The Global Adjustment mechanism allows for a dysfunctional market, and should be seen as a measure of the market's dysfunction.  In adjacent US markets, the price of electricity is being dictated by cheap natural gas, because the marginal, or peaking, supply is usually a fossil fuel, and gas is most suited to be the peaking supply, it is the price gas generators bid into the market at that sets the market price.  In Ontario, we guarantee the marginal capacity supplier a capacity fee, and so guarantee an even lower price.  As we continue to contract expensive supply on a must take basis, we amplify the trend of lower market prices also being experienced in adjacent US markets, with the Global Adjustment being added back onto Ontario bills more than compensating for the impact of reduced consumption in lowering prices, and instead driving the total commodity rate higher within Ontario.  The weekly reporting I display on this website indicates the additional expense we increasingly incur in paying to curtail production.
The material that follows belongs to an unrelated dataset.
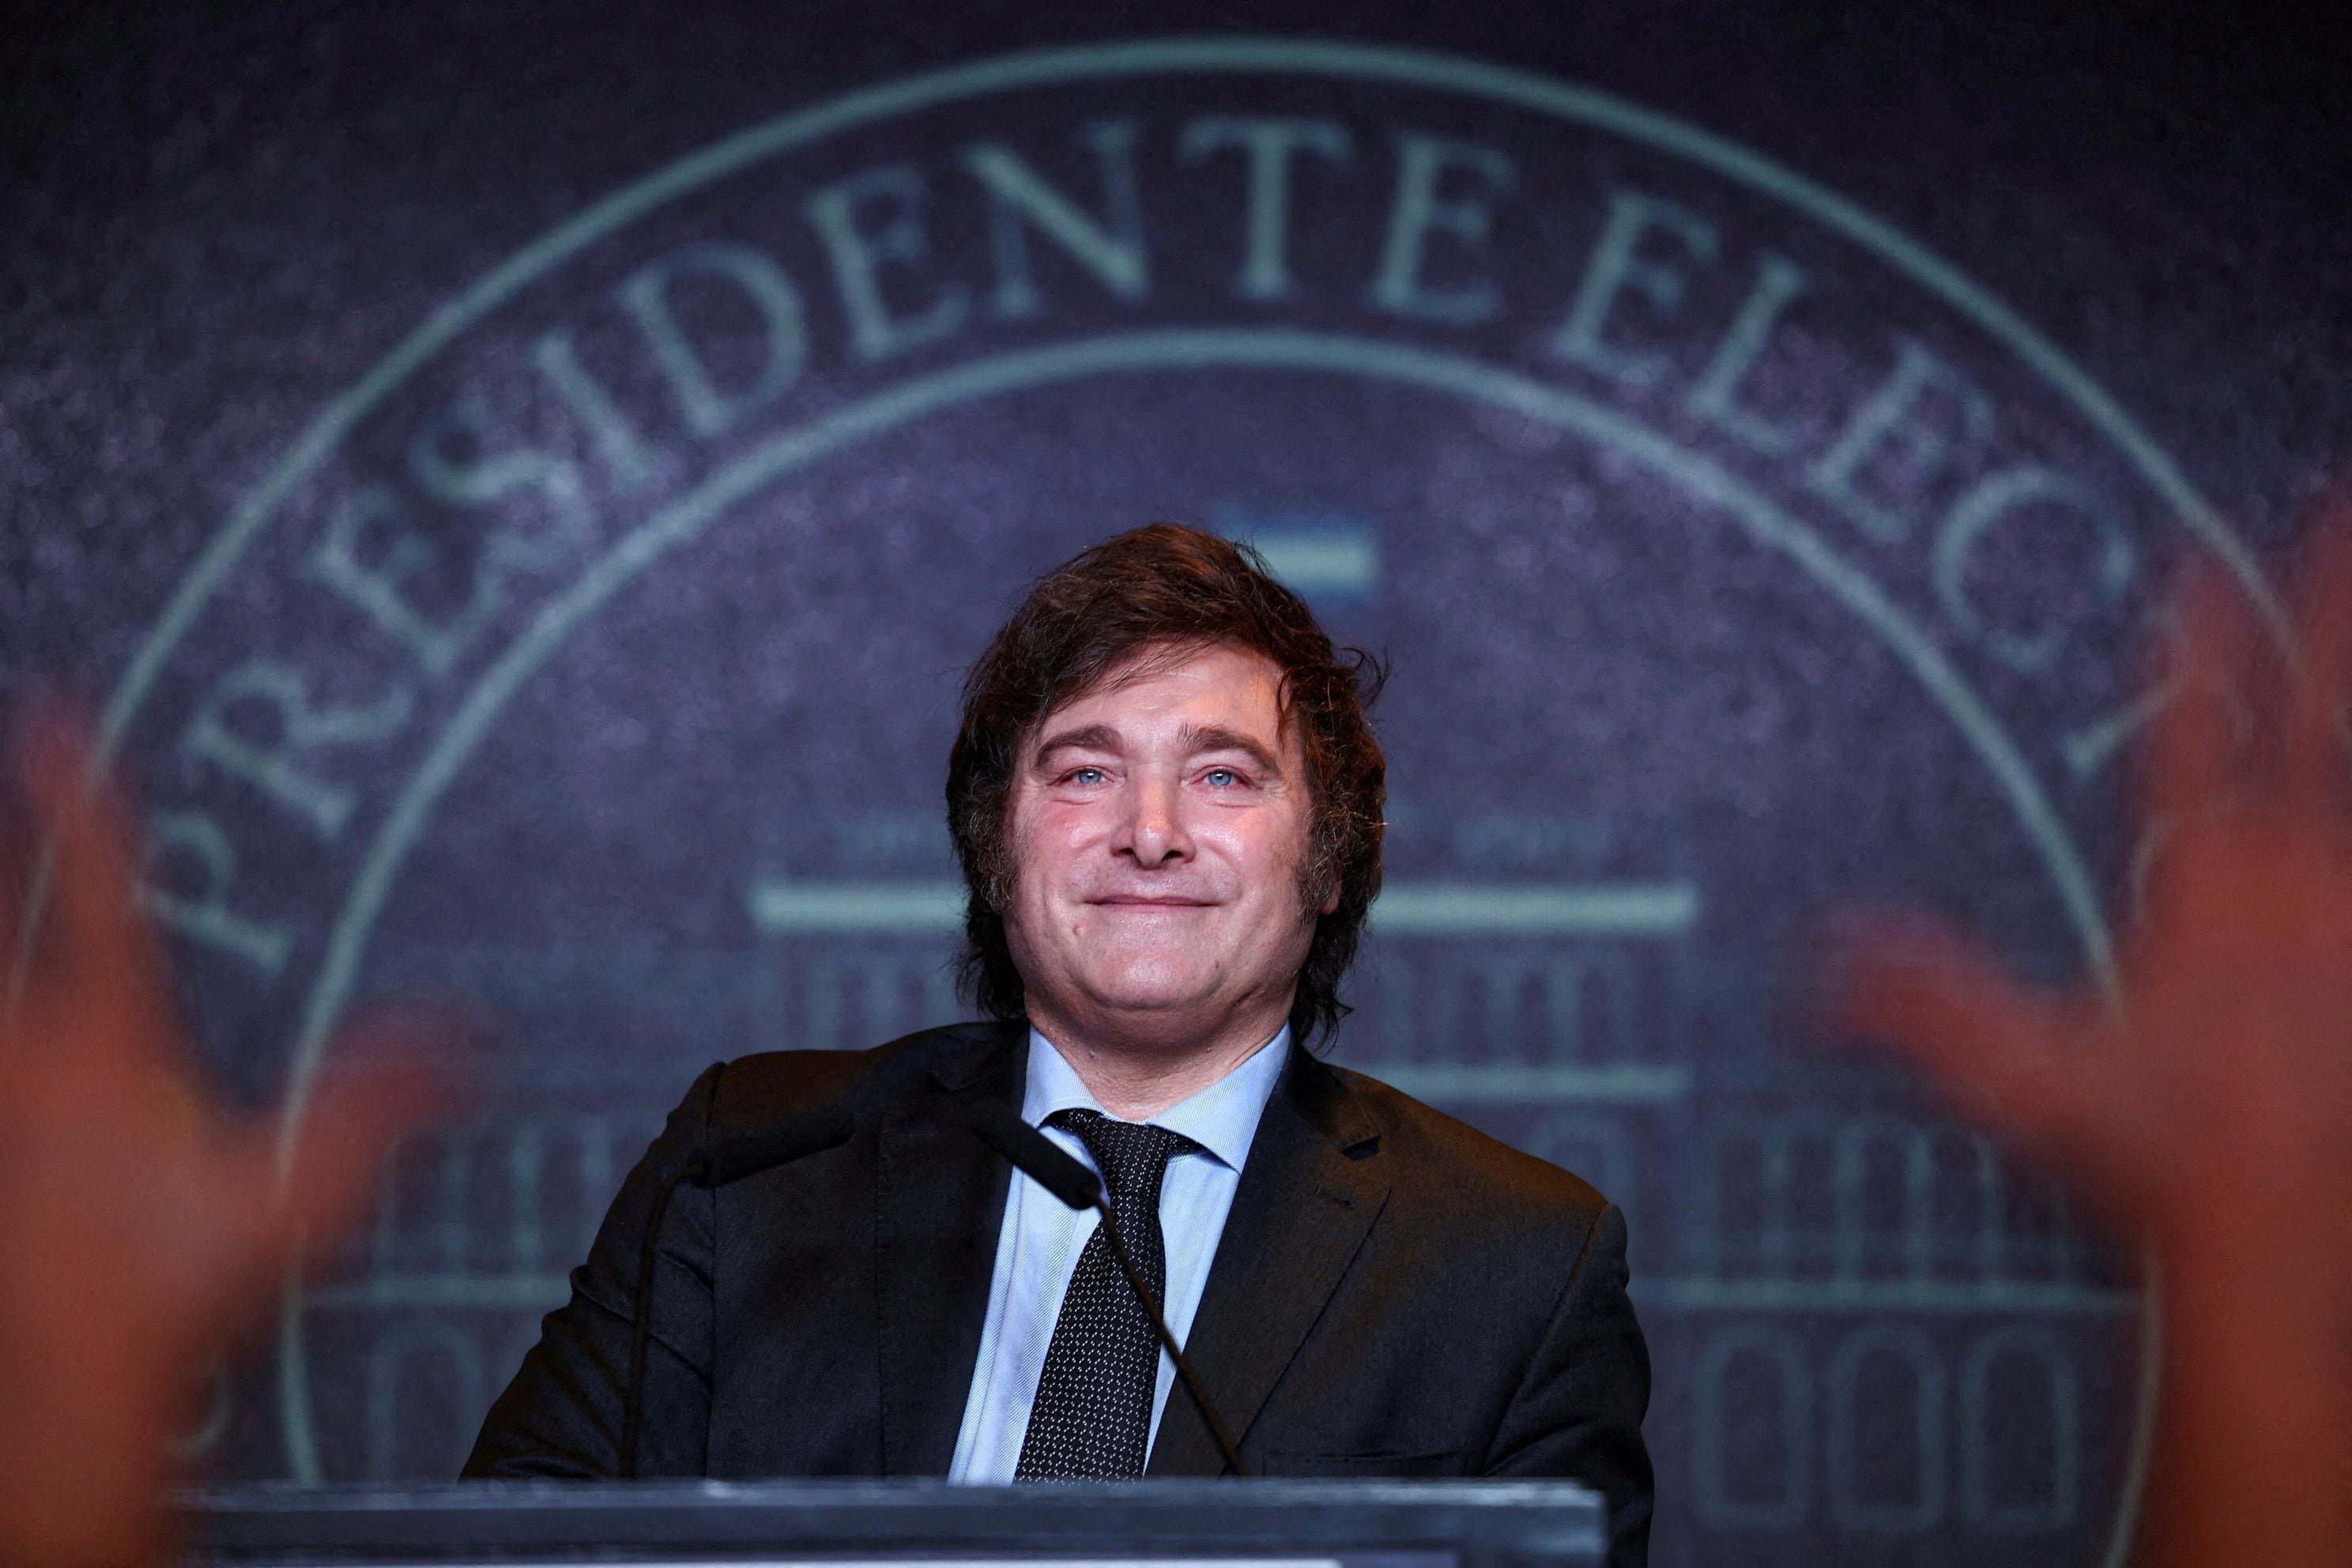 milei da un giro de 180 grados al invitar a lula a su toma de posesión como presidente de argentina
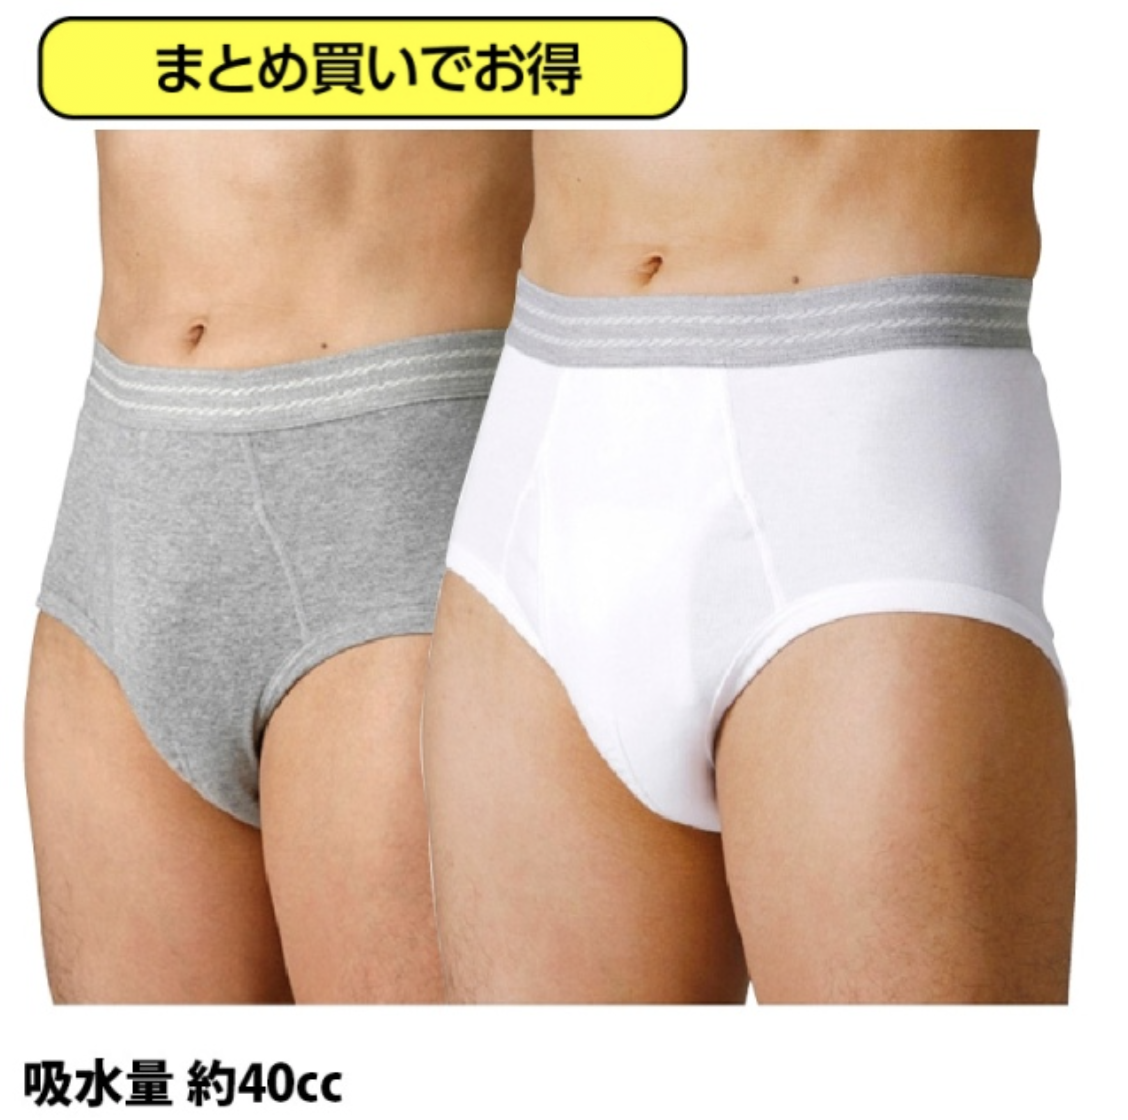 【WDまとめ買い】軽失禁パンツ ウェルドライ 男性用ブリーフ(吸水量40cc)

In April, 2011, the commodity charge for electricity in Ontario was $73.60 ($29.71 HOEP, $42.89 GA) -- the first estimate for just the GA portion in April 2012 is $74.68.  If the market price is $0 in April, our rates will still go up.

Mr. Duncan's 2004 playday creation of a faux market is a complete failure.  Ontario's electricity sector is a playground for gluttonous procurement of supply that needlessly devalues the existing assets of the province (2011 revenues from Hydro One and OPG were $107 million below expectations, in large part due to "lower market prices for OPG's unregulated hydro and lower volumes").


Mr. Duncan included in the budget a couple of elements to punish rural Ontario for voting out Liberal members last fall.  His embrace of Liberal celebrity economist Don Drummond's bizarre description of slot revenues at Ontairo racetracks as a subsidy allowed one churlish attack, and in the budget the capping of the OCEB (which shouldn't exist to begin with) at 3000MWh per month is a measure to disproportionately punish rural residents with farms, or simply without access to gas for heating.
'Prostitution, horse racing, gambling and electricity are irresistible to politicians"
Like the electricity policies, the attack on farmers will disproportionately punish low income families, as a far greater percentage of their income is spent on food and power.  There was a time when regressive measures would be particularly repugnant to the party traditionally on the left of the political spectrum.  


Ms. Horwath is doing a slow reveal of her conditions to embrace the budget, but none of them is likely to put Ontario's poorer citizens above the Greenpeace agenda that infiltrated the NDP, which prides itself on getting along - not matter how far from it's roots that takes it.


The removal of Dwight Duncan from any significant portfolio should be demanded, but it's unlikely to be a price the government will negotiate for the almost certain support she'll capitulate to give anyway.


I hope I don't find out what trinket she sells out lower income Ontarians for.


The story is seedy enough with the horse racing, gambling and electricity aspects.